Scientists have stored an entire human genome on a novel memory disc that will serve as our species’ insurance policy.
The research team from University of Southampton, in England, said it hoped that the crystal could provide a “blueprint” to bring humanity back from extinction thousands or even billions of years into the future.
The “revolutionary” disc was developed by the university’s Optoelectronics Research Centre (ORC) and is sometimes called a “Superman memory crystal” in reference to the Kryptonian memory crystals described in the franchise.

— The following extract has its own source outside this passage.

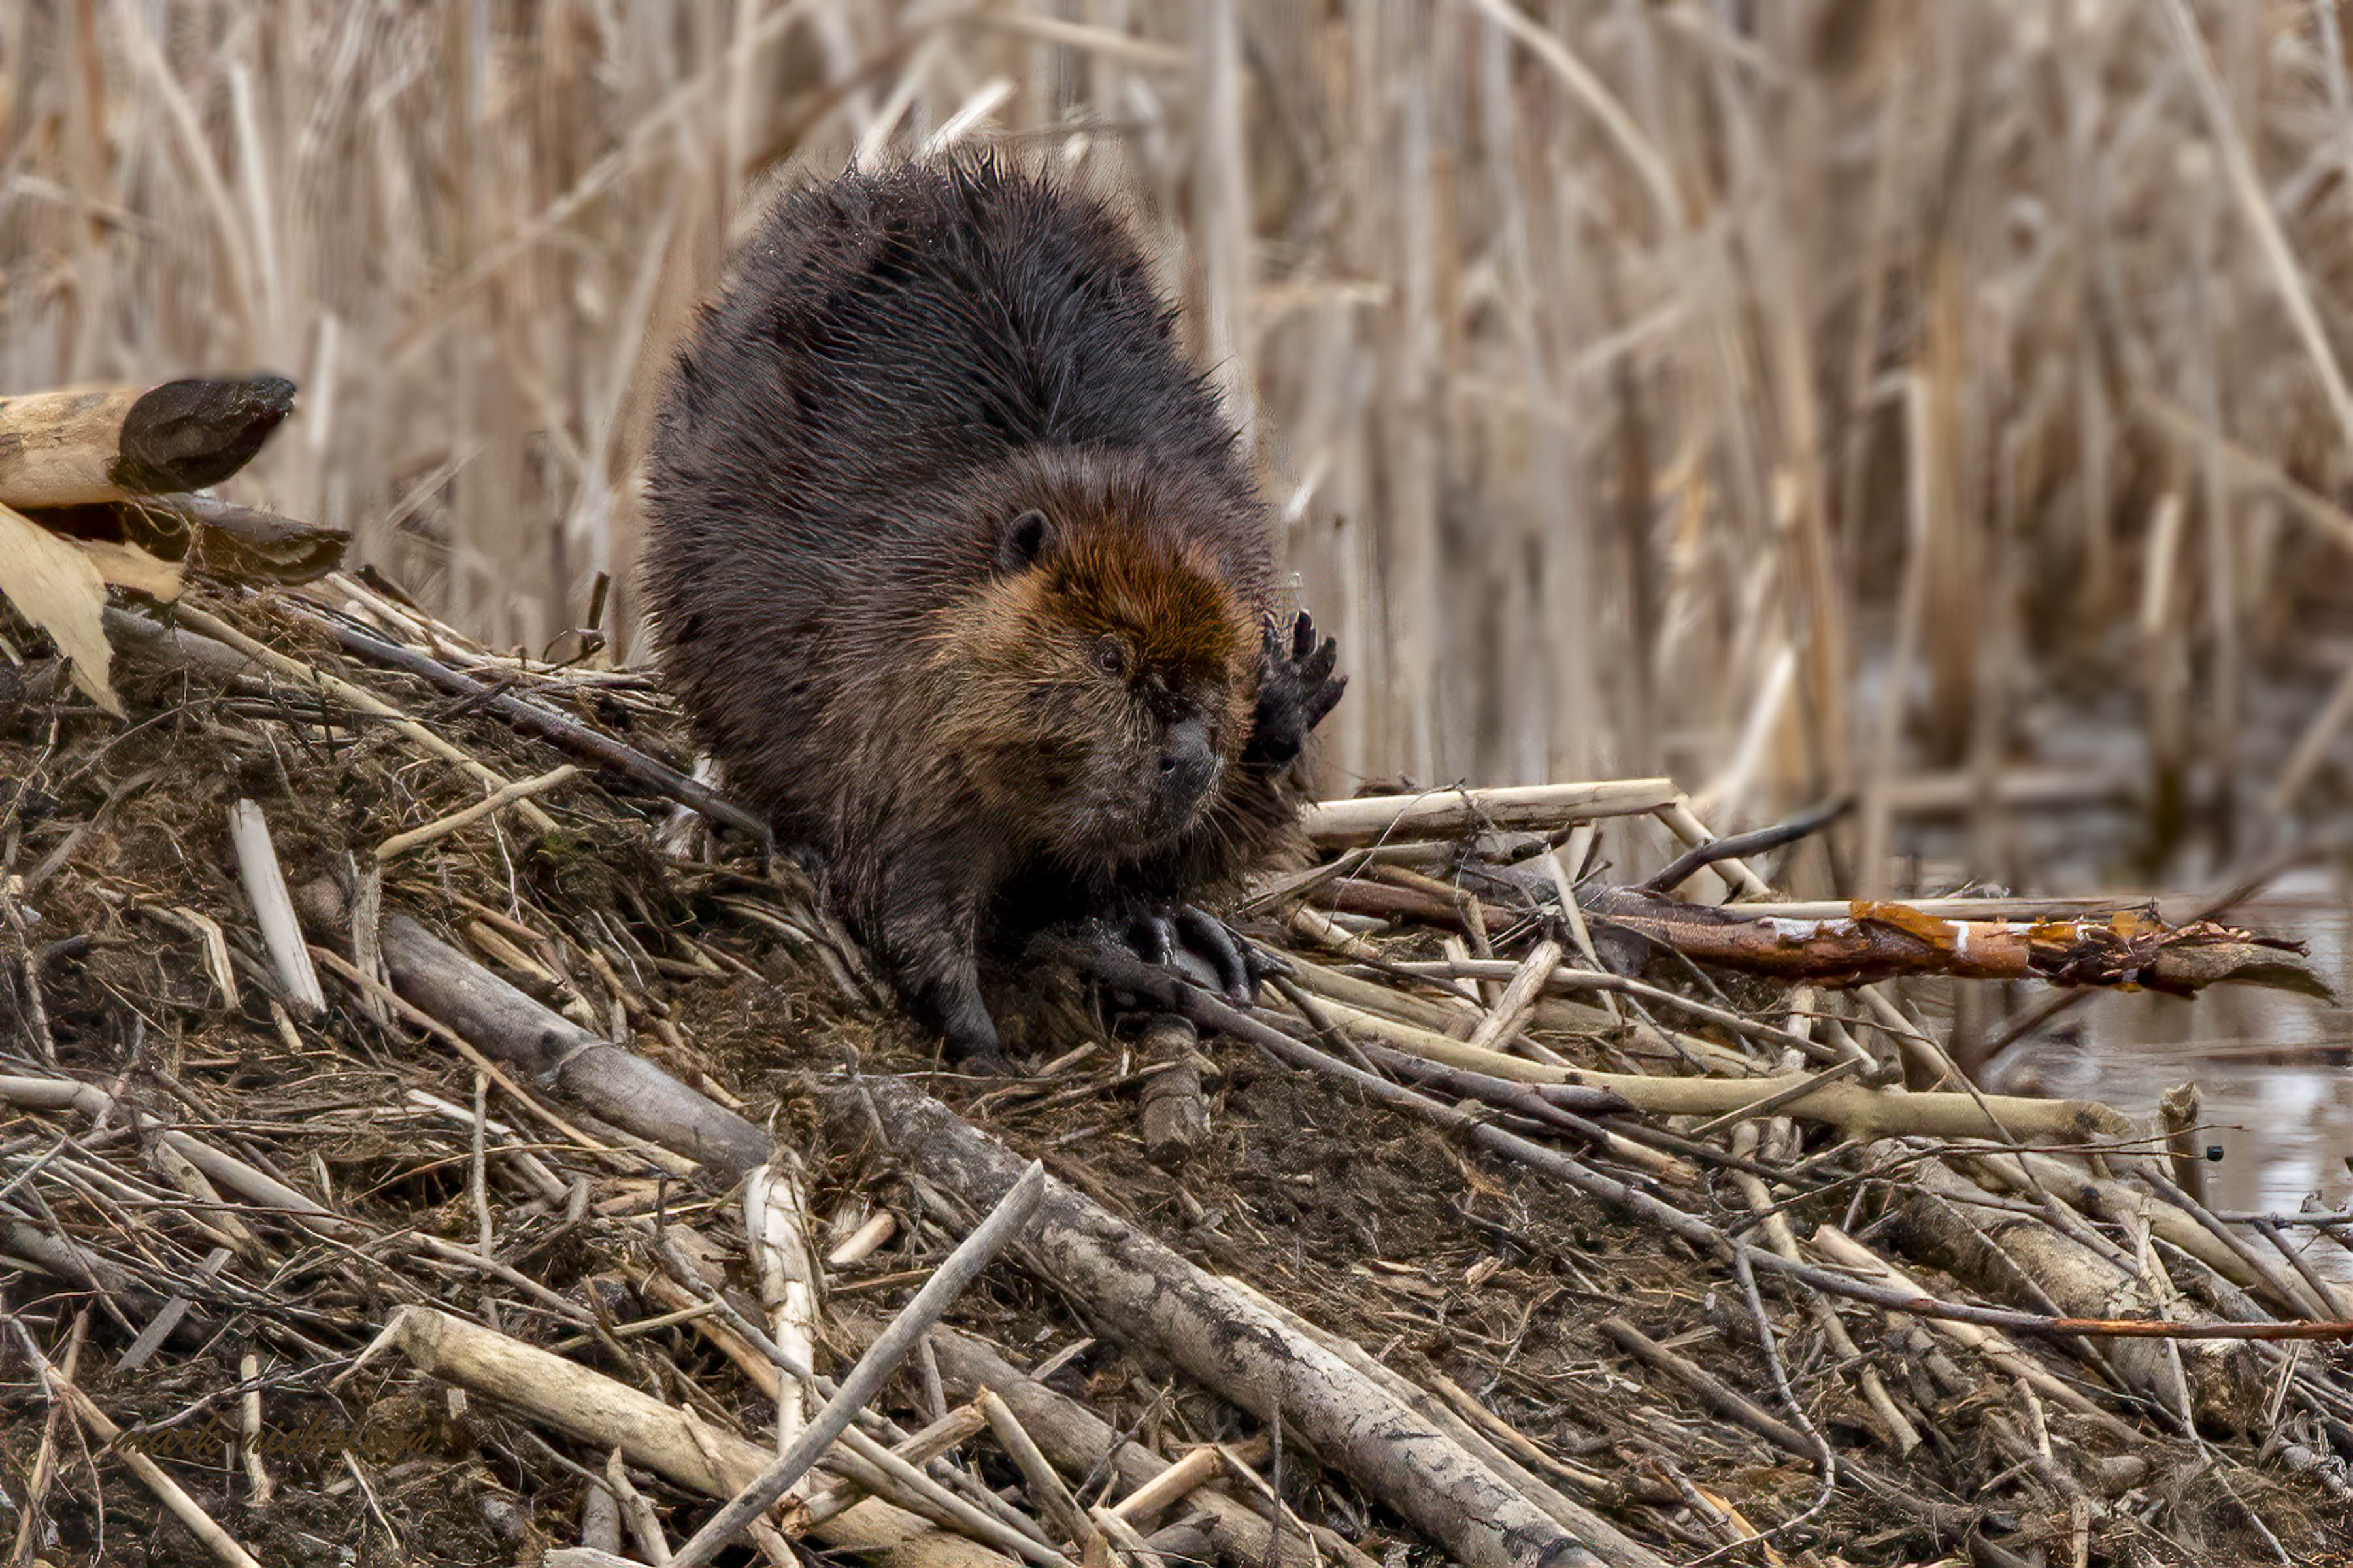 Dark brown beaver perched on a beaver lodge made of small to large sticks with chewed ends. The beaver is grooming itself with its left paw with tan dead cattails in the background.

The crystal is equivalent to fused quartz, one of the most chemically and thermally durable materials on Earth that can withstand temperatures of up to 1000 °C, cosmic radiation, and extreme direct impact force.
Researchers at Southampton also call it a “5D” memory crystal because the data can be encoded within the material using two optical dimensions and three spatial coordinates. The team used ultra-fast lasers to precisely inscribe data into the crystal.
“We know from the work of others that genetic material of simple organisms can be synthesized and used in an existing cell to create a viable living specimen in a lab,” said Prof Peter Kazansky, who led the research team.
This means the technology could be used to store – and to help recreate – the genomes of animal and plant species actually faced with extinction.
“The 5D memory crystal opens up possibilities for other researchers to build an everlasting repository of genomic information from which complex organisms like plants and animals might be restored should science in the future allow,” Kazansky said.
The crystal with the human genome was tucked away in the Memory of Mankind archive, a special time capsule within a salt cave in Hallstatt, Austria.